PROBLEM REQUIREMENTS >> A word-for-word restatement of all the records is the required answer.

MATERIAL TO PROCESS >>
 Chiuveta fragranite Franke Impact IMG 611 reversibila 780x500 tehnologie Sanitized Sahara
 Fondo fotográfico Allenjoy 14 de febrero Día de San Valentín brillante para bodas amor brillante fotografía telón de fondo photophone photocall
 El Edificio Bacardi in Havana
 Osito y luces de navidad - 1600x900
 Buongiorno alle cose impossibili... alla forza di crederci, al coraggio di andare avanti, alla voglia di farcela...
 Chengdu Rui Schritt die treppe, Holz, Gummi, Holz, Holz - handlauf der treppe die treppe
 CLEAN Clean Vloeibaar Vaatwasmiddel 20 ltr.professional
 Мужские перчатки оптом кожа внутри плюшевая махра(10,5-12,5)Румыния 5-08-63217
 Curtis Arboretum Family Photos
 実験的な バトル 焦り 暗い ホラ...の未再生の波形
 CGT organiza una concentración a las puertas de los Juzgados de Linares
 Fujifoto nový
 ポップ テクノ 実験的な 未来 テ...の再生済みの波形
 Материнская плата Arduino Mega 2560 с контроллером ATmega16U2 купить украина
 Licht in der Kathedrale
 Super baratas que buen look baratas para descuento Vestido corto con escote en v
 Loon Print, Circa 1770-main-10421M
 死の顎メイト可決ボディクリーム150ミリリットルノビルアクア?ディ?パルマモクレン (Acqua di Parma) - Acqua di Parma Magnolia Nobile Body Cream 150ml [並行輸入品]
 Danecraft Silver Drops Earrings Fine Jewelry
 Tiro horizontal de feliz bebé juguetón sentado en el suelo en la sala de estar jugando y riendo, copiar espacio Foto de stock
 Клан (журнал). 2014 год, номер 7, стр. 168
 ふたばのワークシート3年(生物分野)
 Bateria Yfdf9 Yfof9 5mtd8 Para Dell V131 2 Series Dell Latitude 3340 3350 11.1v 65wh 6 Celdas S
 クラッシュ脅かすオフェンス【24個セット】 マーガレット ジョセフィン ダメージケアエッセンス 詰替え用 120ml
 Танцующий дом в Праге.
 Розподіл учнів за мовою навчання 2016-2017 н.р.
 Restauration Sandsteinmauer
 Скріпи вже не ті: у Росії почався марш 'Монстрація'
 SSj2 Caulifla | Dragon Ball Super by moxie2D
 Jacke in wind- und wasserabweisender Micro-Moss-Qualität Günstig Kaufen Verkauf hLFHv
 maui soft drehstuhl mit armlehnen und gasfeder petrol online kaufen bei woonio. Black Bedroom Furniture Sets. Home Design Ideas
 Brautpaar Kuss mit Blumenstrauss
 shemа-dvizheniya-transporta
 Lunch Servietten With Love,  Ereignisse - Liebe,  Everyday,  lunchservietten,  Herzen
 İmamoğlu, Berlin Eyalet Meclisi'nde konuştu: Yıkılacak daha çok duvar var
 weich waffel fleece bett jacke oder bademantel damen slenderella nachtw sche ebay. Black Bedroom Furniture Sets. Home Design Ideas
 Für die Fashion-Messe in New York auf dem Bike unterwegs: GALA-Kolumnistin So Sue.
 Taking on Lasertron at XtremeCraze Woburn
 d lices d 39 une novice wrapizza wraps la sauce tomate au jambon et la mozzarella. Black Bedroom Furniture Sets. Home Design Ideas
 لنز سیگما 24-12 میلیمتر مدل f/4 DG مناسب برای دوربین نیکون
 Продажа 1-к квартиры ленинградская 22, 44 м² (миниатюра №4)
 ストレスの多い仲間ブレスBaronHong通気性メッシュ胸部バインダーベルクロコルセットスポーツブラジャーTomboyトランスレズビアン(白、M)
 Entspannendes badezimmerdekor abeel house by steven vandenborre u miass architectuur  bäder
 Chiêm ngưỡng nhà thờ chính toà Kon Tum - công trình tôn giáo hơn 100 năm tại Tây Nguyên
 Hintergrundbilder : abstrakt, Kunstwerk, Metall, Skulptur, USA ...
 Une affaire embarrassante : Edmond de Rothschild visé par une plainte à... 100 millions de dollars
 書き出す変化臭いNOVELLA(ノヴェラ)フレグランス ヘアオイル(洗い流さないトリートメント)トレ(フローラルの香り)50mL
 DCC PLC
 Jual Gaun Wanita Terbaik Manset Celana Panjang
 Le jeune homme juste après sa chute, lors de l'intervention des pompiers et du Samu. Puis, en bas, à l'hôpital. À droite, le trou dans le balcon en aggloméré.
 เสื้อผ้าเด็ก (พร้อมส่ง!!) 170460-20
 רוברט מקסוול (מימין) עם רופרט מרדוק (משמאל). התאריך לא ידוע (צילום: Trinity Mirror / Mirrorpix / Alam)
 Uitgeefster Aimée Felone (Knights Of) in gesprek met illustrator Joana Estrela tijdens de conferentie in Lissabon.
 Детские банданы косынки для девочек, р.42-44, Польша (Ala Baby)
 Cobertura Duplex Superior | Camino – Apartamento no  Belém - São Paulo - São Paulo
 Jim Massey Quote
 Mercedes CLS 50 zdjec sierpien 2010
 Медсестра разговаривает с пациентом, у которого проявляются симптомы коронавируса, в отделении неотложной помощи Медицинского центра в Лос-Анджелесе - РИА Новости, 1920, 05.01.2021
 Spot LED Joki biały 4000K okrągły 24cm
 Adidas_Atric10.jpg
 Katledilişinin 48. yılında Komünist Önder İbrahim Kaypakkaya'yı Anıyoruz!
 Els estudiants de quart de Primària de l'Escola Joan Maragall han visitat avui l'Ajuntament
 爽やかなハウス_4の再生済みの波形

OUTPUT >>
 Chiuveta fragranite Franke Impact IMG 611 reversibila 780x500 tehnologie Sanitized Sahara
 Fondo fotográfico Allenjoy 14 de febrero Día de San Valentín brillante para bodas amor brillante fotografía telón de fondo photophone photocall
 El Edificio Bacardi in Havana
 Osito y luces de navidad - 1600x900
 Buongiorno alle cose impossibili... alla forza di crederci, al coraggio di andare avanti, alla voglia di farcela...
 Chengdu Rui Schritt die treppe, Holz, Gummi, Holz, Holz - handlauf der treppe die treppe
 CLEAN Clean Vloeibaar Vaatwasmiddel 20 ltr.professional
 Мужские перчатки оптом кожа внутри плюшевая махра(10,5-12,5)Румыния 5-08-63217
 Curtis Arboretum Family Photos
 実験的な バトル 焦り 暗い ホラ...の未再生の波形
 CGT organiza una concentración a las puertas de los Juzgados de Linares
 Fujifoto nový
 ポップ テクノ 実験的な 未来 テ...の再生済みの波形
 Материнская плата Arduino Mega 2560 с контроллером ATmega16U2 купить украина
 Licht in der Kathedrale
 Super baratas que buen look baratas para descuento Vestido corto con escote en v
 Loon Print, Circa 1770-main-10421M
 死の顎メイト可決ボディクリーム150ミリリットルノビルアクア?ディ?パルマモクレン (Acqua di Parma) - Acqua di Parma Magnolia Nobile Body Cream 150ml [並行輸入品]
 Danecraft Silver Drops Earrings Fine Jewelry
 Tiro horizontal de feliz bebé juguetón sentado en el suelo en la sala de estar jugando y riendo, copiar espacio Foto de stock
 Клан (журнал). 2014 год, номер 7, стр. 168
 ふたばのワークシート3年(生物分野)
 Bateria Yfdf9 Yfof9 5mtd8 Para Dell V131 2 Series Dell Latitude 3340 3350 11.1v 65wh 6 Celdas S
 クラッシュ脅かすオフェンス【24個セット】 マーガレット ジョセフィン ダメージケアエッセンス 詰替え用 120ml
 Танцующий дом в Праге.
 Розподіл учнів за мовою навчання 2016-2017 н.р.
 Restauration Sandsteinmauer
 Скріпи вже не ті: у Росії почався марш 'Монстрація'
 SSj2 Caulifla | Dragon Ball Super by moxie2D
 Jacke in wind- und wasserabweisender Micro-Moss-Qualität Günstig Kaufen Verkauf hLFHv
 maui soft drehstuhl mit armlehnen und gasfeder petrol online kaufen bei woonio. Black Bedroom Furniture Sets. Home Design Ideas
 Brautpaar Kuss mit Blumenstrauss
 shemа-dvizheniya-transporta
 Lunch Servietten With Love,  Ereignisse - Liebe,  Everyday,  lunchservietten,  Herzen
 İmamoğlu, Berlin Eyalet Meclisi'nde konuştu: Yıkılacak daha çok duvar var
 weich waffel fleece bett jacke oder bademantel damen slenderella nachtw sche ebay. Black Bedroom Furniture Sets. Home Design Ideas
 Für die Fashion-Messe in New York auf dem Bike unterwegs: GALA-Kolumnistin So Sue.
 Taking on Lasertron at XtremeCraze Woburn
 d lices d 39 une novice wrapizza wraps la sauce tomate au jambon et la mozzarella. Black Bedroom Furniture Sets. Home Design Ideas
 لنز سیگما 24-12 میلیمتر مدل f/4 DG مناسب برای دوربین نیکون
 Продажа 1-к квартиры ленинградская 22, 44 м² (миниатюра №4)
 ストレスの多い仲間ブレスBaronHong通気性メッシュ胸部バインダーベルクロコルセットスポーツブラジャーTomboyトランスレズビアン(白、M)
 Entspannendes badezimmerdekor abeel house by steven vandenborre u miass architectuur  bäder
 Chiêm ngưỡng nhà thờ chính toà Kon Tum - công trình tôn giáo hơn 100 năm tại Tây Nguyên
 Hintergrundbilder : abstrakt, Kunstwerk, Metall, Skulptur, USA ...
 Une affaire embarrassante : Edmond de Rothschild visé par une plainte à... 100 millions de dollars
 書き出す変化臭いNOVELLA(ノヴェラ)フレグランス ヘアオイル(洗い流さないトリートメント)トレ(フローラルの香り)50mL
 DCC PLC
 Jual Gaun Wanita Terbaik Manset Celana Panjang
 Le jeune homme juste après sa chute, lors de l'intervention des pompiers et du Samu. Puis, en bas, à l'hôpital. À droite, le trou dans le balcon en aggloméré.
 เสื้อผ้าเด็ก (พร้อมส่ง!!) 170460-20
 רוברט מקסוול (מימין) עם רופרט מרדוק (משמאל). התאריך לא ידוע (צילום: Trinity Mirror / Mirrorpix / Alam)
 Uitgeefster Aimée Felone (Knights Of) in gesprek met illustrator Joana Estrela tijdens de conferentie in Lissabon.
 Детские банданы косынки для девочек, р.42-44, Польша (Ala Baby)
 Cobertura Duplex Superior | Camino – Apartamento no  Belém - São Paulo - São Paulo
 Jim Massey Quote
 Mercedes CLS 50 zdjec sierpien 2010
 Медсестра разговаривает с пациентом, у которого проявляются симптомы коронавируса, в отделении неотложной помощи Медицинского центра в Лос-Анджелесе - РИА Новости, 1920, 05.01.2021
 Spot LED Joki biały 4000K okrągły 24cm
 Adidas_Atric10.jpg
 Katledilişinin 48. yılında Komünist Önder İbrahim Kaypakkaya'yı Anıyoruz!
 Els estudiants de quart de Primària de l'Escola Joan Maragall han visitat avui l'Ajuntament
 爽やかなハウス_4の再生済みの波形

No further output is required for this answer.